James Reader investigates some of the incredible artefacts unearthed by wild winter weather on Britain’s coastlines

Illustration photo of 5 incredible buried British treasures

Britain’s south-western shores experienced the equivalent of years of damage at the hands of ferocious weather in our most recent winter season, which saw beaches and sea cliffs severely eroded, coastal defences destroyed and public transport brought to a halt. In the aftermath, however, the shifted sand, stones and shingle of our south-western shorelines uncovered something spectacular: buried treasure and relics from 10,000 years of British history. Here are my top 5 coastal caches...

[1] WWI GERMAN SHIPWRECK, Booby’s Bay, Padstow, Cornwall

The 18m SV Carl sank at Booby’s Bay in 1917 while being towed to London to be broken down into scrap metal. Before the storms, only parts of this German sailing vessel were visible, which was impounded in Cardiff at the beginning of WWI. Photo: Phil Ellery

[2] 10,000-YEAR-OLD FOREST, Newgale, Pembrokeshire

The ancient forest, which was previously buried under a pebble bank sea defence, dates as far back as the preagricultural Mesolithic Period. Pembrokeshire Coast National Park Authority heritage manager Phil Bennett said: “10,000 years ago this woodland area would have been visited by hunter gatherer bands from time to time, looking for game and collecting edible plants, nuts and berries.” Photo: Pembrokeshire Coast National Park Authority

[3] 18TH CENTURY CANNONS, Porthcawl, Bridgend

It is believed that a 1.4m cannon and 0.9m swivel gun recovered on Porthcawl beach are both late 18th century or early 19th century relics, possibly used in the Napoleonic Wars or simply as protection for merchant ships. Photo: Porthcawl Museum and Historical Society

[4] WWII TANK TRAPS, Rest Bay, Porthcawl, Bridgend

Tank traps built in 1940 to protect against German beach landings have become exposed at Rest Bay. Porthcawl historian Keith Morgan said: “They were chains and old railway lines which were embedded upright in the beach. They would have been around six or seven feet above the level of the beach. I can remember them stretching from Swansea Bay all the way round to Porthcawl.”

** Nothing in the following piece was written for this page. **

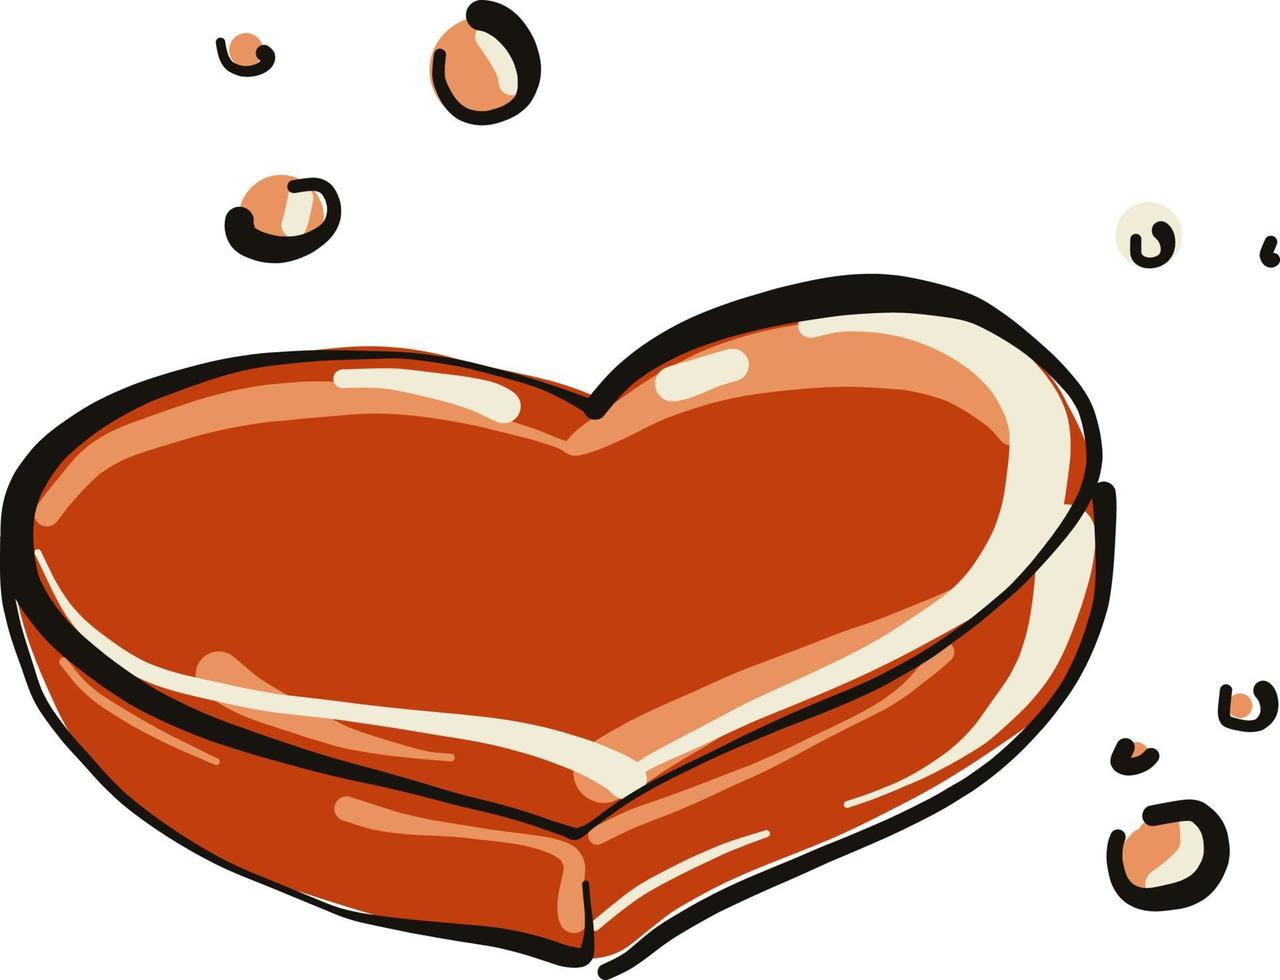 Heart soap, illustration, vector on white background.

[5] UNEXPLODED MINES & MORTAR SHELLS, Dorset, Devon, Cornwall & Pembrokeshire

The Royal Navy’s Southern Dive Unit has dealt with hundreds of unexploded bombs since December, including a 45kg anti-submarine mine at Watwick Bay, Haverfordwest, a rare WWI German mine near Newquay, and live mortar bombs at Poole Harbour, Mount Batten Point and Crow Point.